As a result, we believe that policy makers should consider implementing an out-of-pocket spending cap in Medicare Part D. Such a policy would be consistent with other recent changes in the ACA that require all commercial plans to cap out-of-pocket spending on essential health benefits, including prescription drugs. A proposal to cap Part D out-of-pocket spending has been put forth by Sen. Ron Wyden (D-OR)—the Reducing Existing Costs Associated with Pharmaceuticals for Seniors Act (or the RxCAP Act) of 2016—which would eliminate beneficiary cost sharing in the catastrophic coverage phase, but the proposal has not been taken up by the full Senate. Moreover, such a cap has also been proposed, in conjunction with broader Part D reforms, by MedPAC2 and the Trump administration.1
Premium Impact
Capping beneficiary cost sharing at the catastrophic coverage threshold would necessarily increase Part D plans’ spending, assuming no changes to the generosity of the federal reinsurance program. Plans would likely increase premiums to offset this increased liability. Using our data on 2015 enrollment and catastrophic spending, we estimated that implementing a cap on beneficiary out-of-pocket spending would result in a premium increase of $0.40–$1.31 per member per month, depending on whether such a policy change shifted the liability for beneficiary cost sharing in catastrophic coverage to plans for all beneficiaries (both non-LIS and LIS) or only to plans for non-LIS beneficiaries (where the low-income cost-sharing subsidy program would continue to finance this liability for LIS beneficiaries) (see appendix for details).10 This represents about a 1–4 percent premium increase, based on the $30 monthly average beneficiary-paid premium for a basic Part D plan in 2015.11
Insurance Is About Risk Protection
While such a premium increase would be minimal when spread across a large population of beneficiaries, the impact of the financial protection it would bestow would be considerable for the small fraction of non-LIS beneficiaries with very high drug spending. Moreover, it would confer added value in the form of financial protection from the uncertain risk of potentially very high out-of-pocket spending on prescription drugs to all Part D beneficiaries.
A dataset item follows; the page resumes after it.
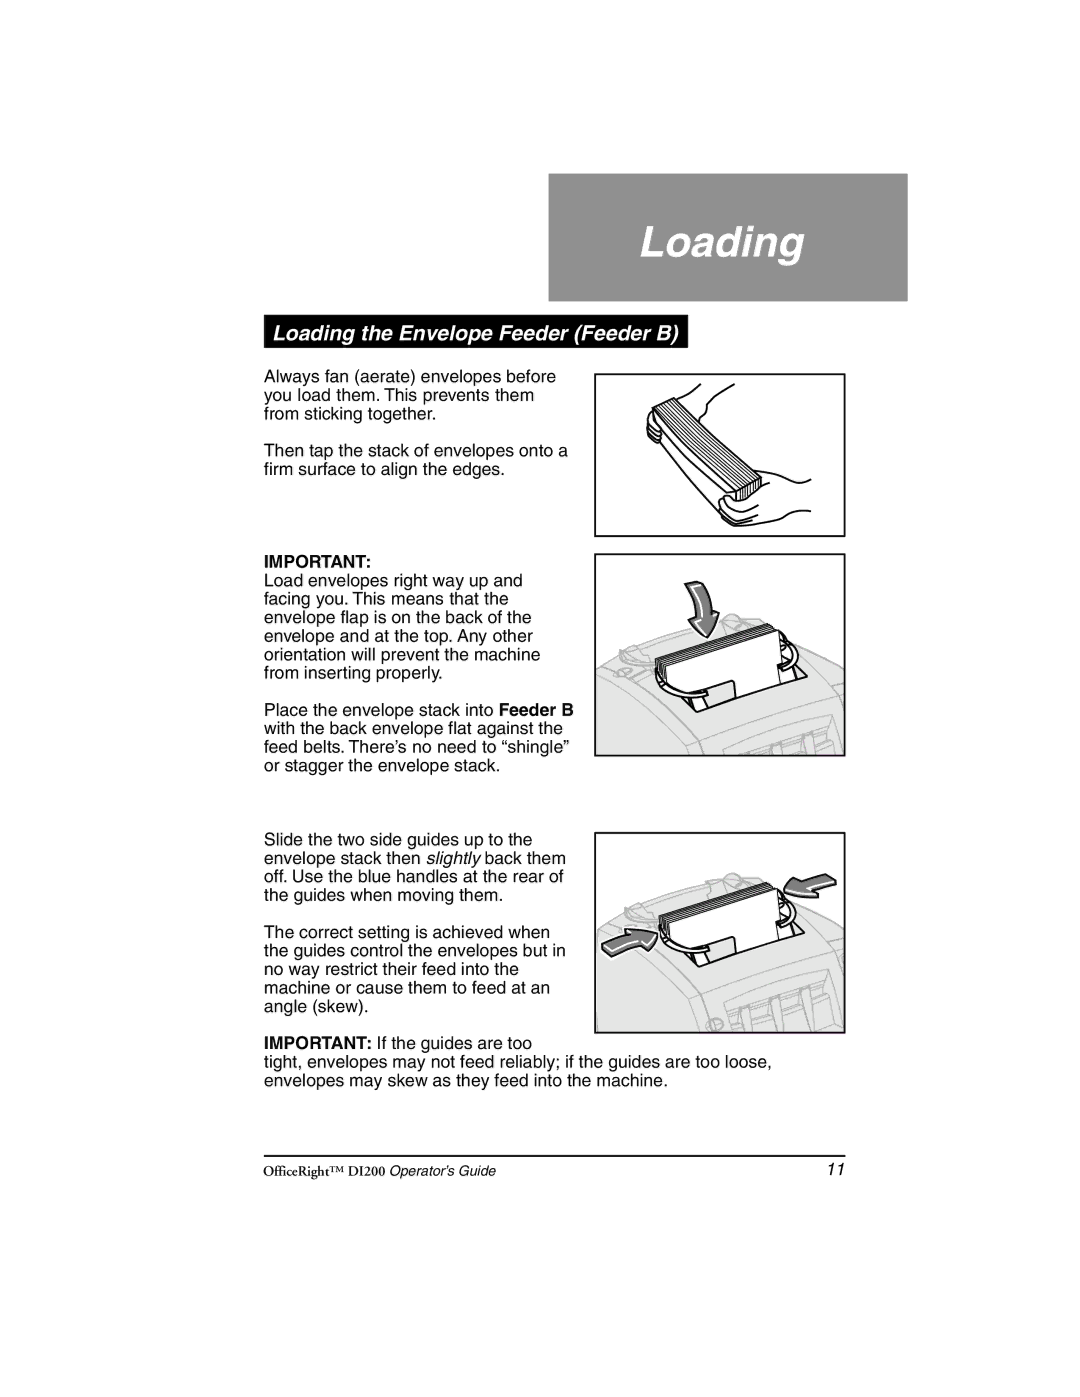 Pitney Bowes DI200 manual Loading the Envelope Feeder Feeder B

This point of insurance protection for all beneficiaries is particularly compelling due to the fact that 16 percent of non-LIS beneficiaries who reached catastrophic coverage in 2015 had a single claim whose total price paid was more than $7,062 (the catastrophic total spending threshold in 2015)—meaning that that single claim would have resulted in the beneficiary’s reaching catastrophic coverage. In other words, it is not simply that beneficiaries must take numerous prescription drugs to reach catastrophic coverage, but rather that all beneficiaries would benefit from insurance against the possibility of needing a single very costly drug.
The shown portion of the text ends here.